Work required:
Retype the material that follows exactly, limited to the lines from the one with "Hair & Beard Serum - Environmanly" through the one with "CB Premium Flannel Cotton Sheet Set", and keep out all pictures.

Stored data:
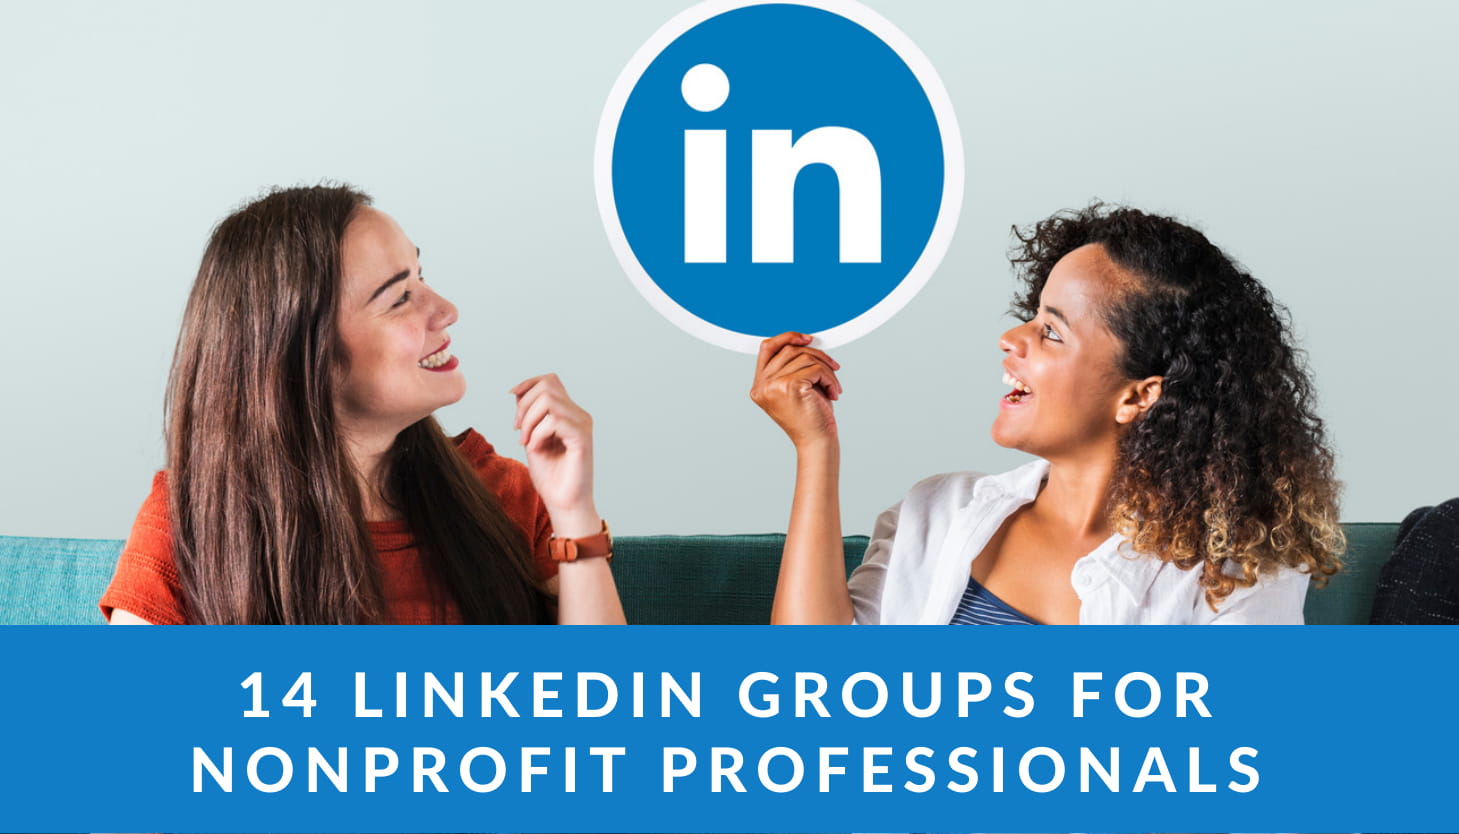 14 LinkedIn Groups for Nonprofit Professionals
--
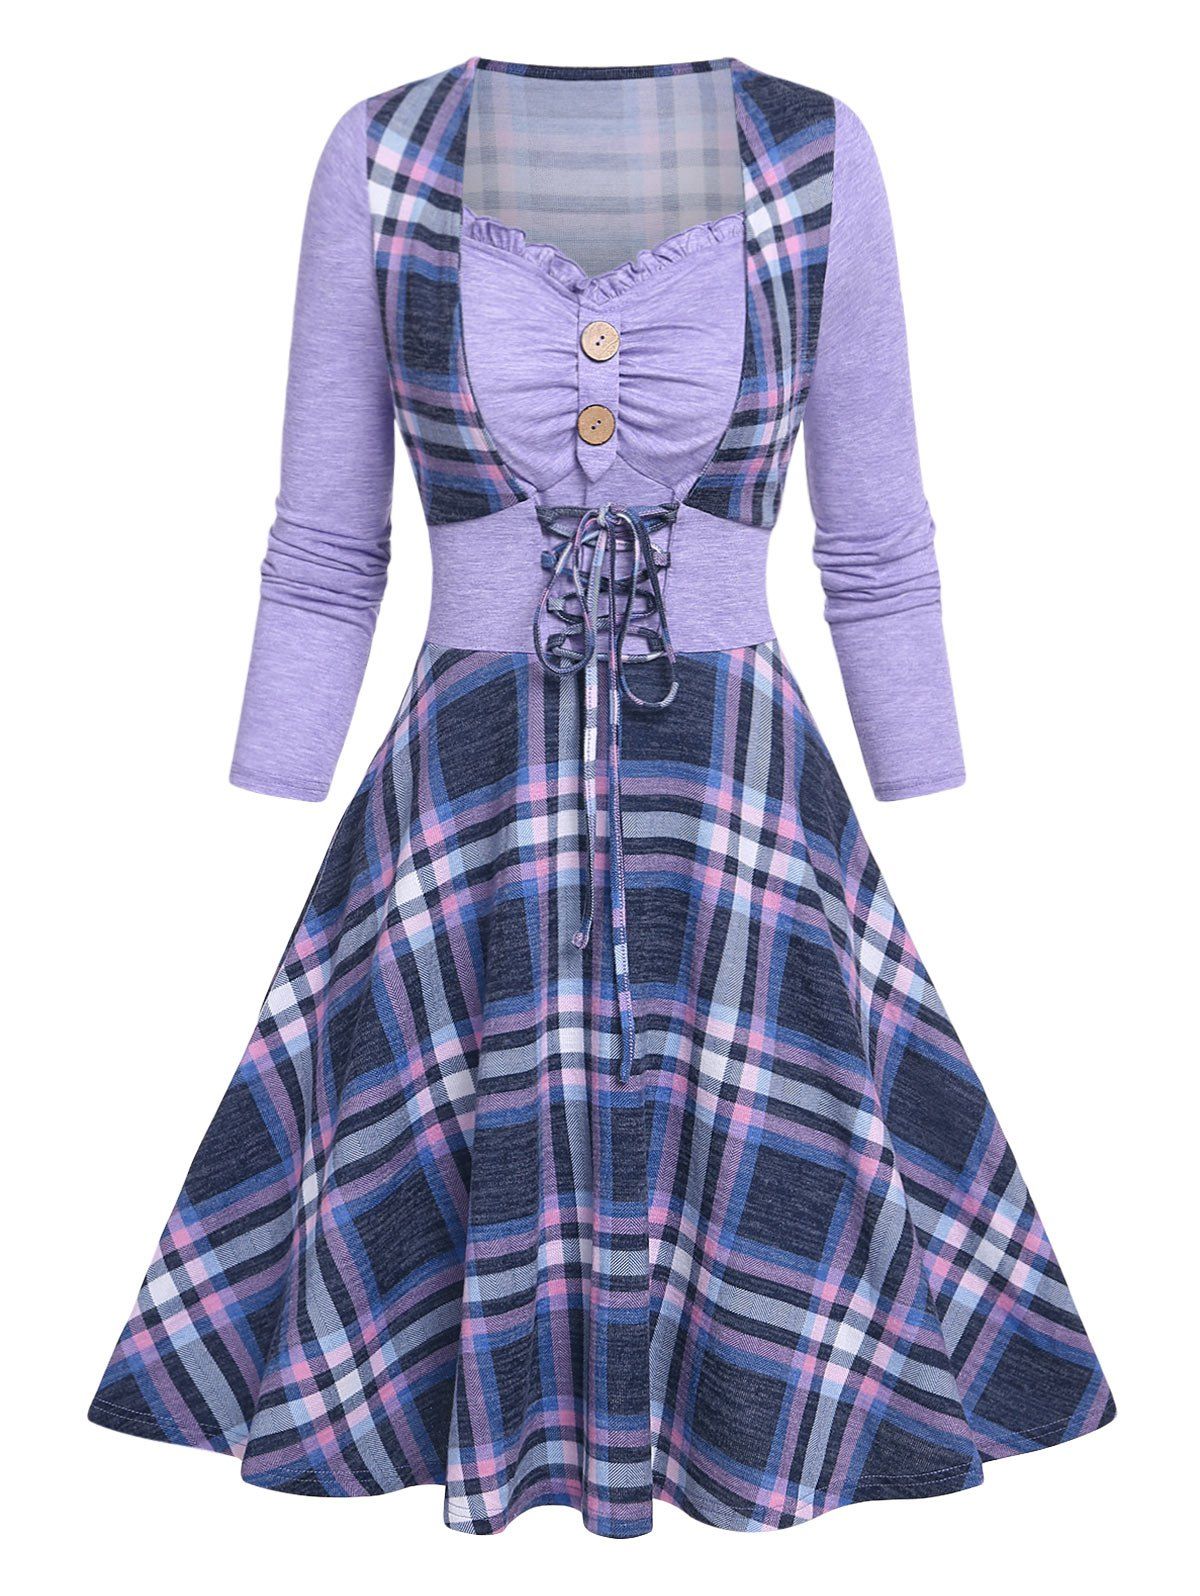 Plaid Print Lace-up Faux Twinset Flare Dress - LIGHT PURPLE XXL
* * *
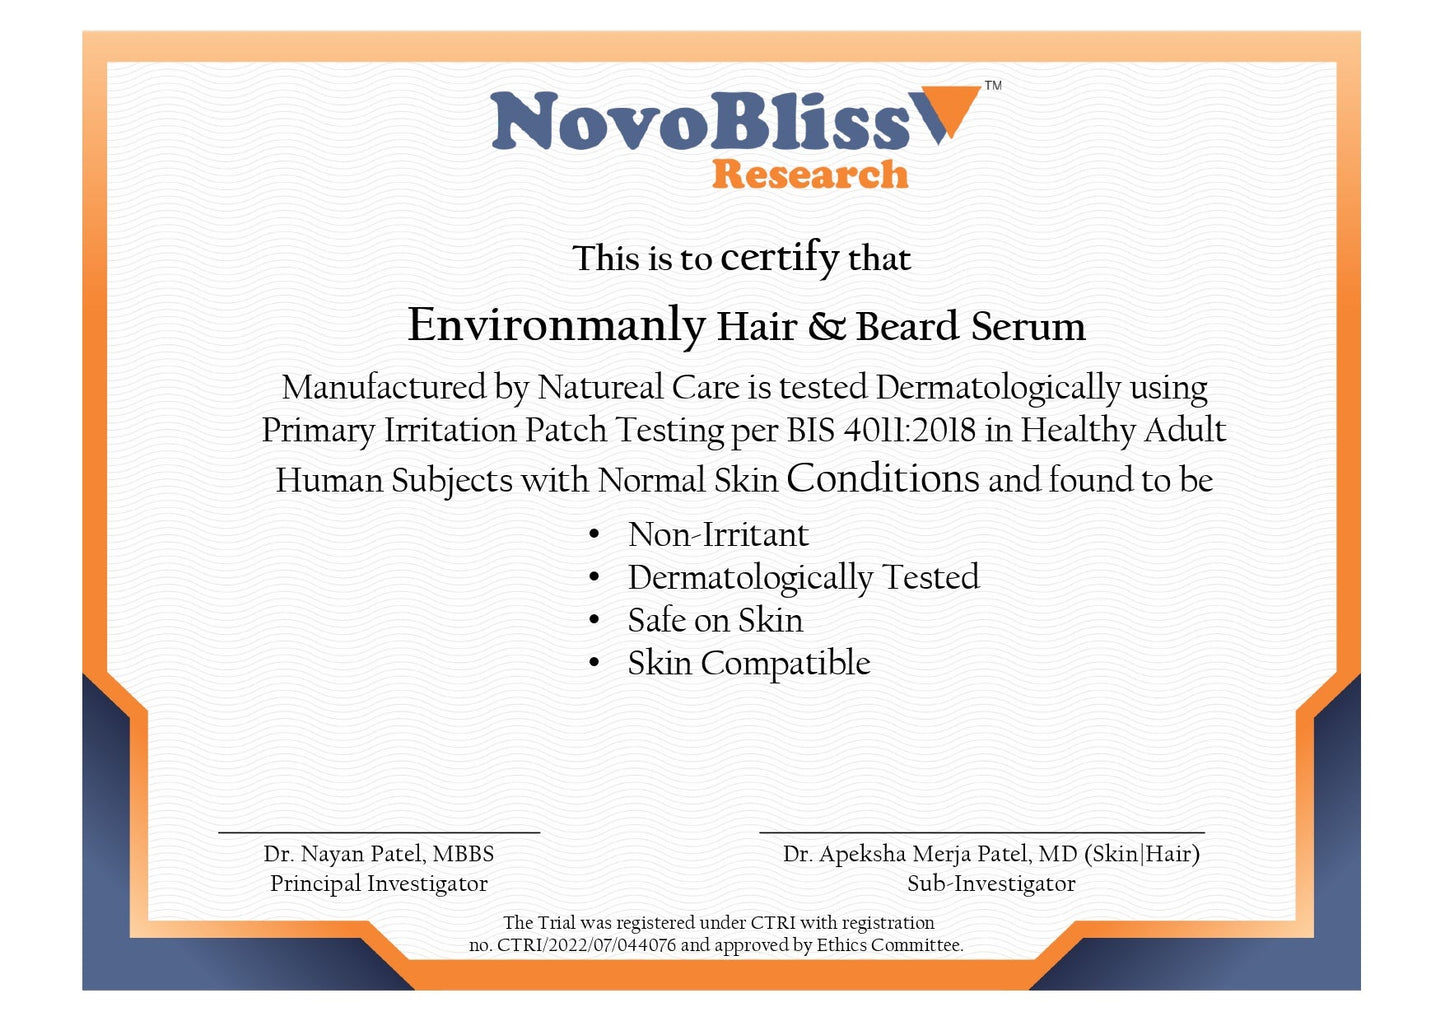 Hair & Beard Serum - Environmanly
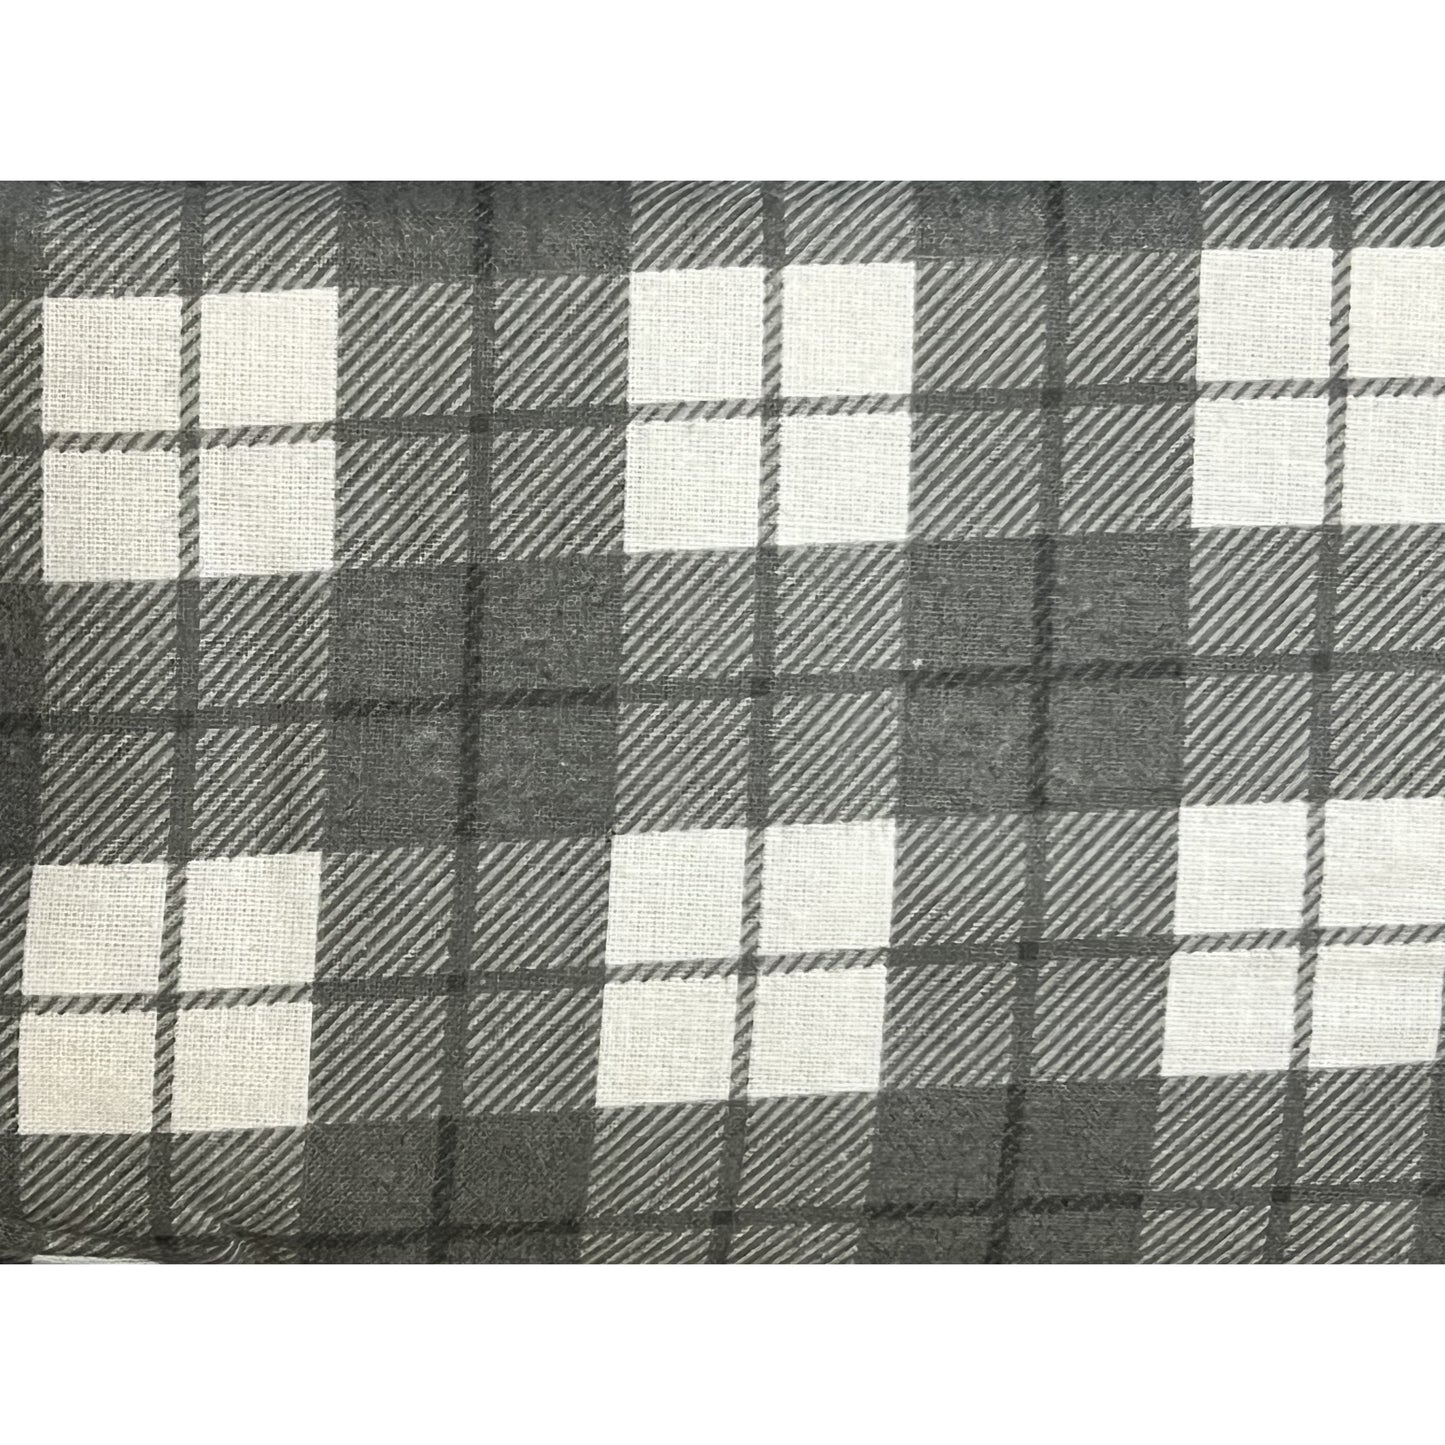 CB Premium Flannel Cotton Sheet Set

Output for this task:
 Hair & Beard Serum - Environmanly
 CB Premium Flannel Cotton Sheet Set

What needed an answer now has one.